Maaşların zekâtı

Dudu Hanım: “Aylık aldığımız maaşa zekât düşer mi? Düşerse nasıl hesaplanır? Vergi zekâttan sayılır mı?”

Ebru Hanım: “Sorum zekât ile ilgili. Kayınvalidemin evlerinden birinde oturuyoruz. Yani kirada oturmuyoruz, herhangi bir mülkiyet sahibi değiliz. Eşim ve ben memuruz, henüz çocuk sahibi değiliz. Allah’a çok şükür ikimize de yetiyor maaşımız ve kişisel ihtiyaçlarımızı rahatlıkla gideriyoruz. (çok şükür) Zaman zaman borçlarımız da oluyor evin tadilâtı vs gibi. Fakat bunlar keyfî yapılan borçlanmalar, yani çok acil ihtiyaçtan ileri gelmiyor. Hâl böyleyken bizim her ay maaşlarımızdan veya yıl sonunda toplu olarak zekât vermemiz gerekiyor mu? Vermemiz gerekiyorsa bunu nasıl hesaplarız? Yani zekâtın verilmesi farz olan halleri kesin olarak nasıl çizebiliriz? Allah razı olsun hepinizden…”
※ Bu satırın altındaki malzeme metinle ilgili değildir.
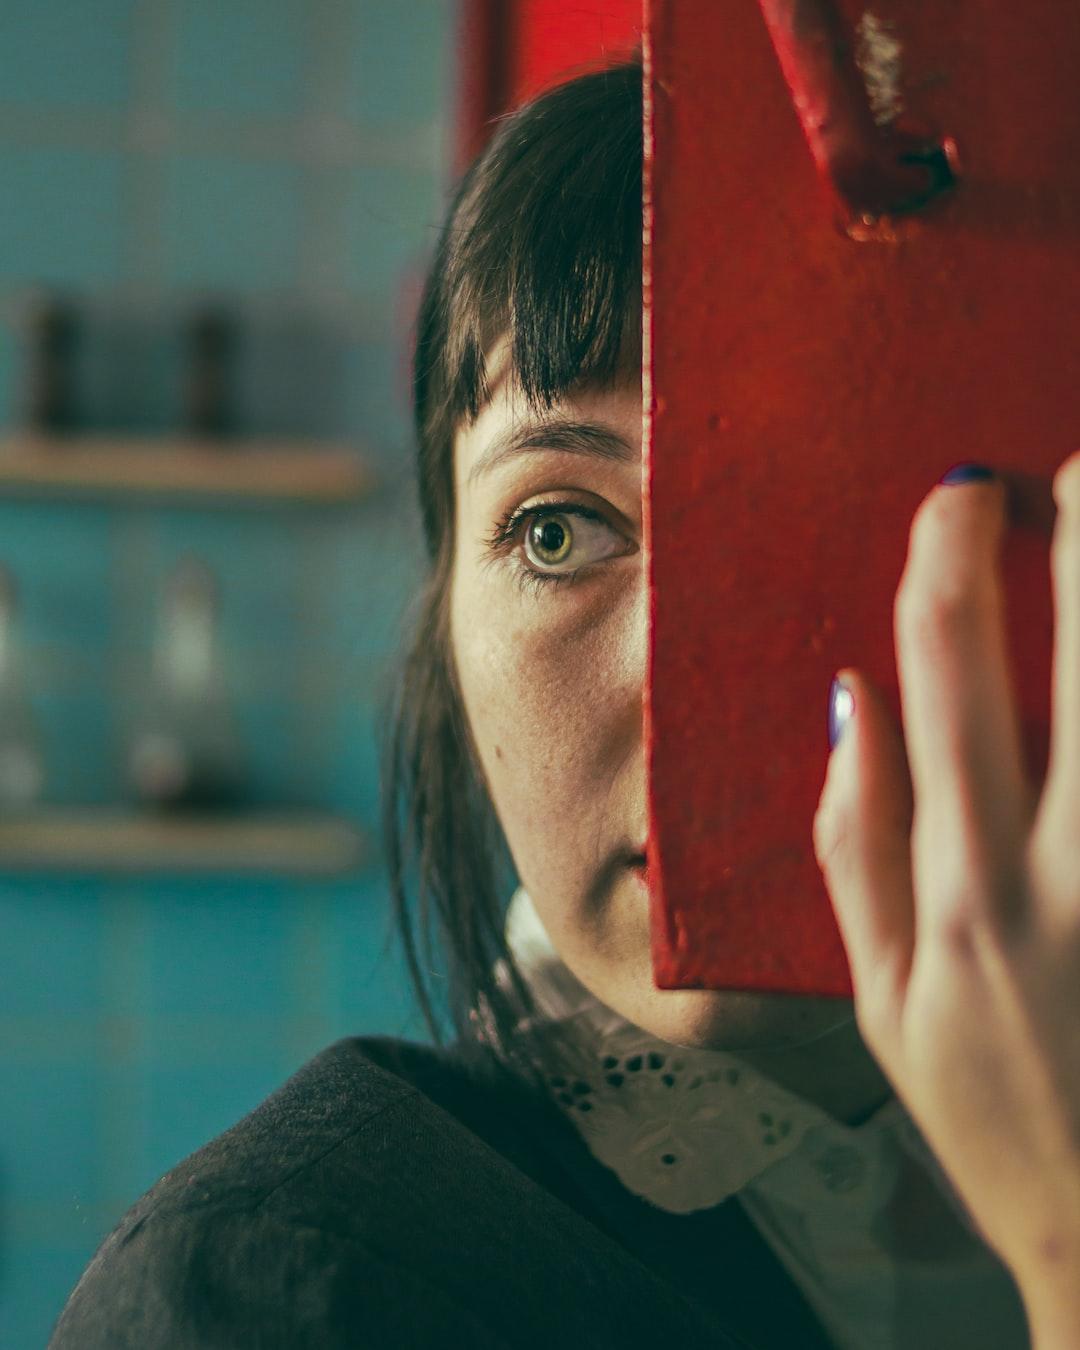 A woman hiding behind a shelf.

Memurların maaşları, işçilerin ücretleri, avukat, doktor, mîmar, mühendis, berber, terzi… vs. gibi serbest meslek sahiplerinin düzenli veya düzensiz gelirleri hiç şüphesiz az veya çok kazançtır ve Cenâb-ı Hakk’ın, “Onlara verdiğimiz rızktan infâk ederler” 1 âyetinde ifâdesini bulan “rızk” dahilindedir. Çünkü onunla geçiniyorlar, ondan yiyip içiyorlar. Veren Cenâb-ı Rezzâk-ı Kerîm’dir; infâk etmekle yükümlü olan da kuldur.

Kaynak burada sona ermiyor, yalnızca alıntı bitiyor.